Your method of pouring the chambers and runners sounds correct and your computations for the cylinder volume looks good, but your results for the head gasket volume are flawed and I don't see where you've included the deck height (top of piston to top of block deck) unless that's what the 761 represents, which would mean you've added 23,1 cc's for deck.

Assuming the head gasket is a composition example, the compressed thickness would be somewhere around 0.040". Assuming the bore of the gasket is around 4.100", the computation would be as follows: .7854 x 4.1 x 4.1 x .04 x 16.387 = 8,65 cc's. Even if you were using a shim gasket of ....say....around 0.015" thickness, the volume would be 3,24 cc's.

As far as deck height, unless you specifically specified to your machine shop to zero deck the block the last time you had the block bored, I can assure you that the piston is down in the bore by at least 0.030" at top dead center. So, here we go: .7854 x 4.06 x 4.06 x .03 x 16.387 = 6,36 cc's.

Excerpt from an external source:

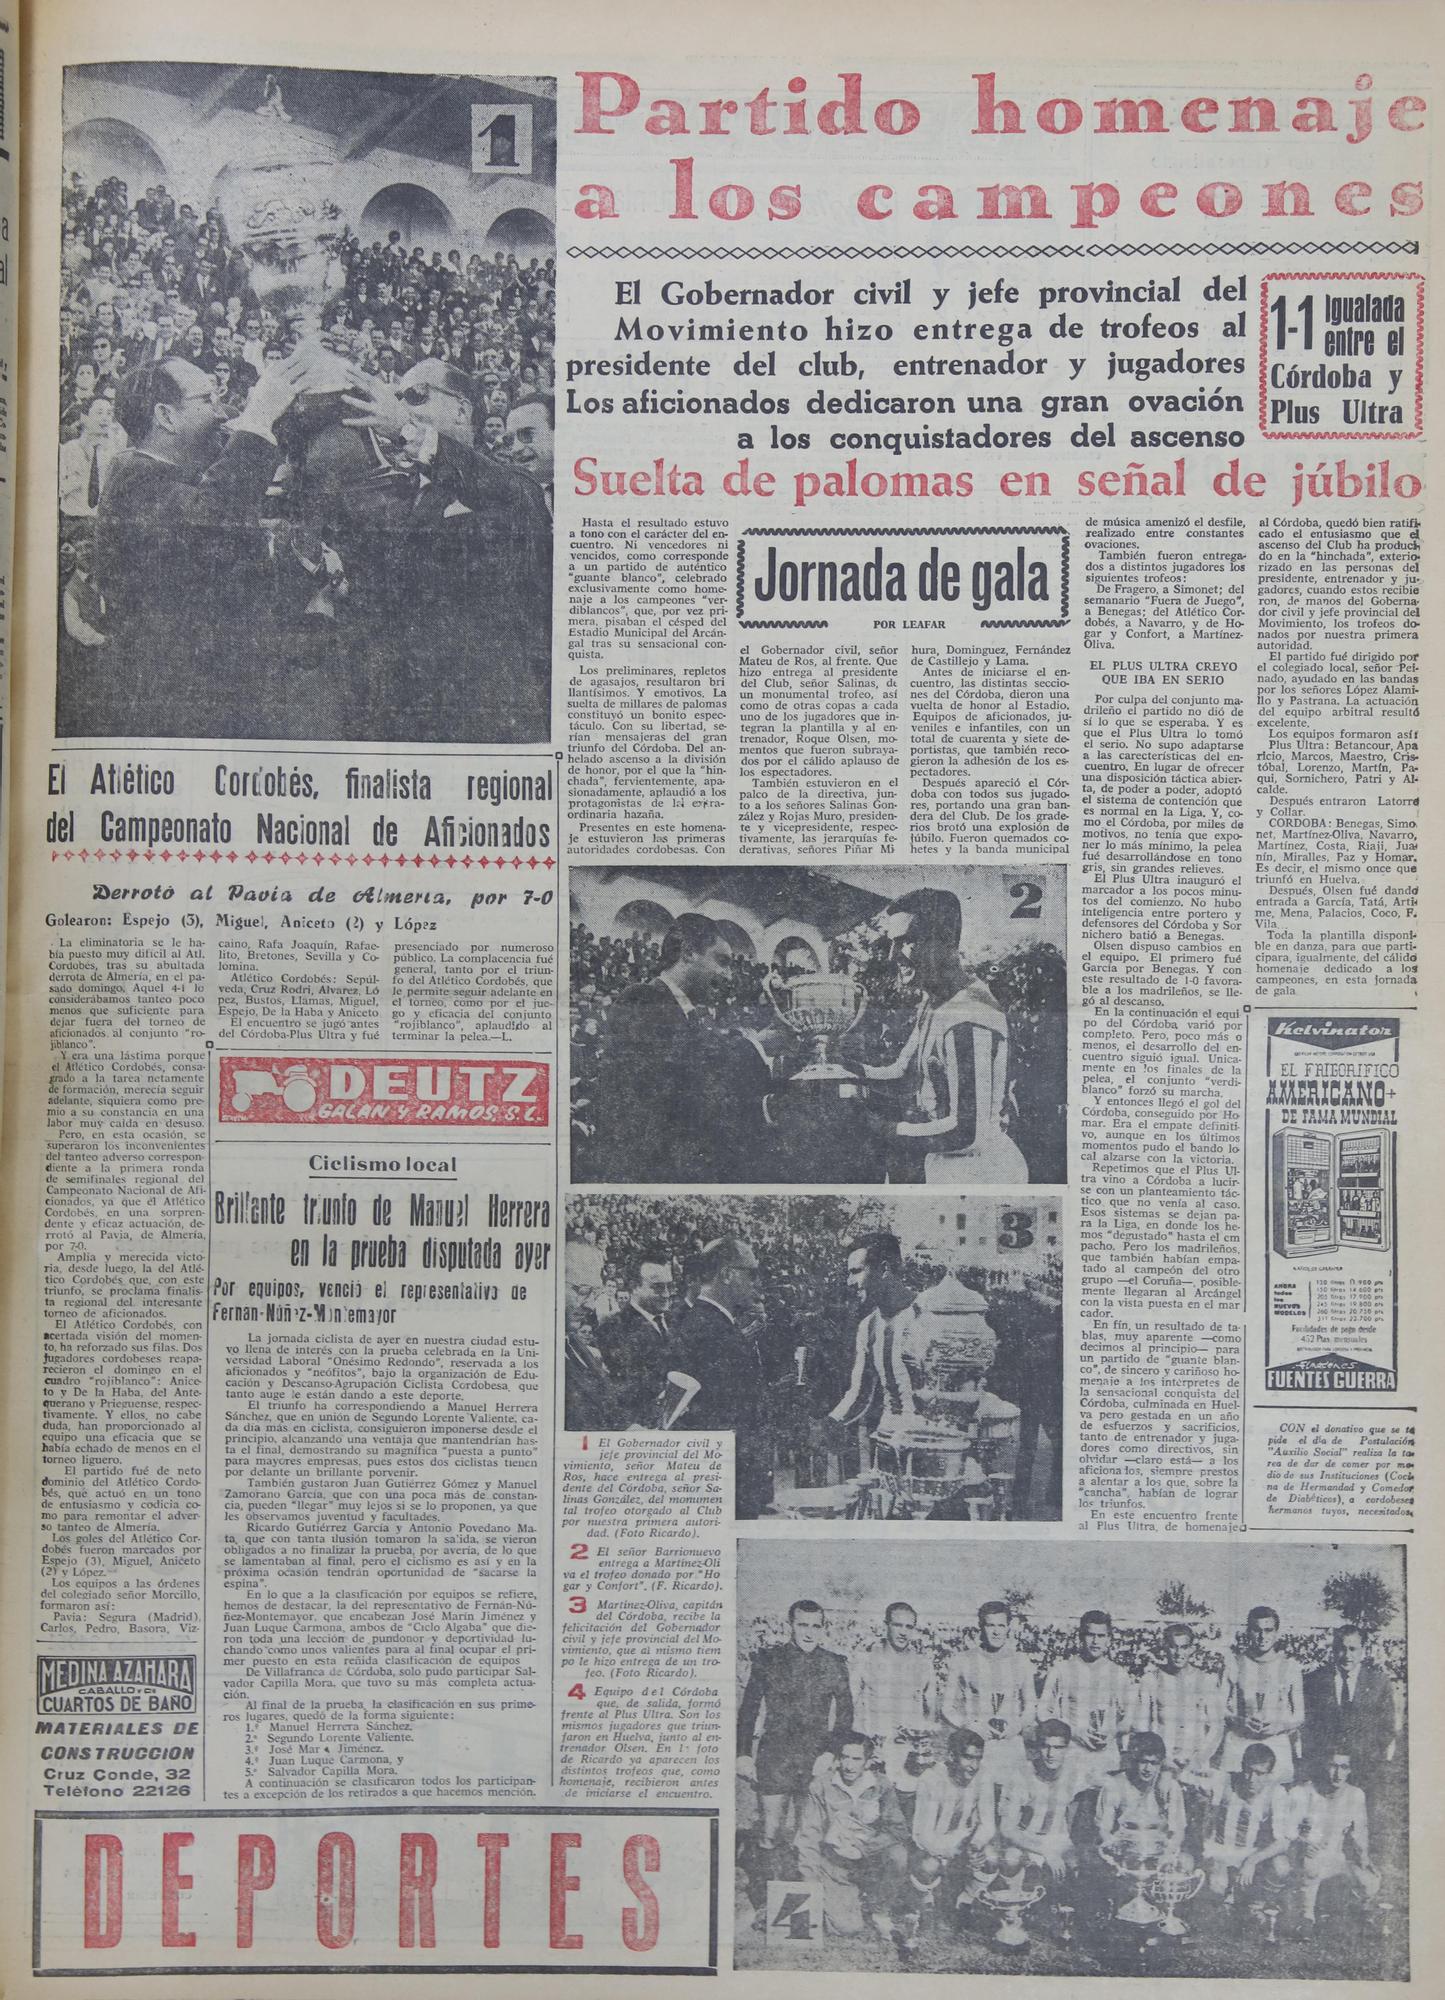 Crónica del partido homenaje al Córdoba CF por su primer ascenso a Primera.
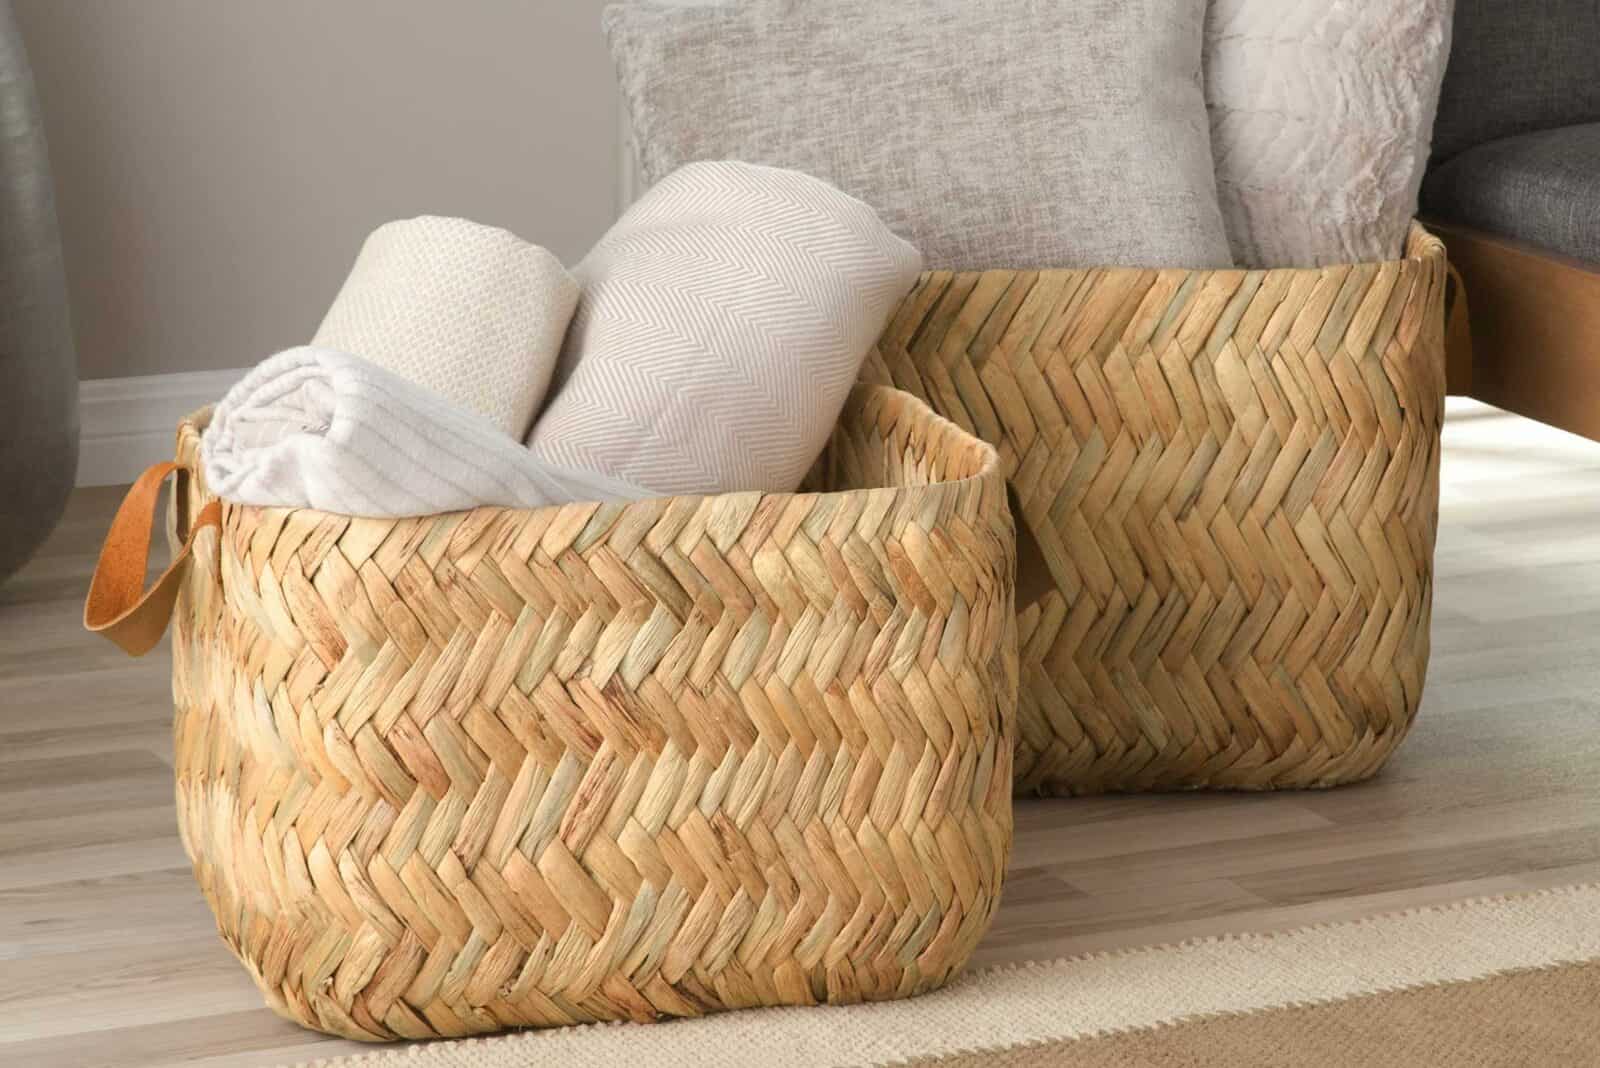 mDesign Narrow Fabric Storage Bin Basket with Handles for Bathroom

I'm assuming flat-top pistons which would have about 7 cc's of valve relief volume.

cylinder 738,28
chamber 68
gasket 8,65
deck height 6,36
pistons 7
total 828,29

compressed (chamber, gasket, deck height, reliefs) 90,01

828,29 / 90,01 = 9.202:1

Anyway, back to your needs.
More cubic inches and/or longer stroke will give you more torque. You're limited on changing the compression ratio to make the motor more efficient by the quality of available pump gas, so you will have to do it with displacement/stroke/camshaft.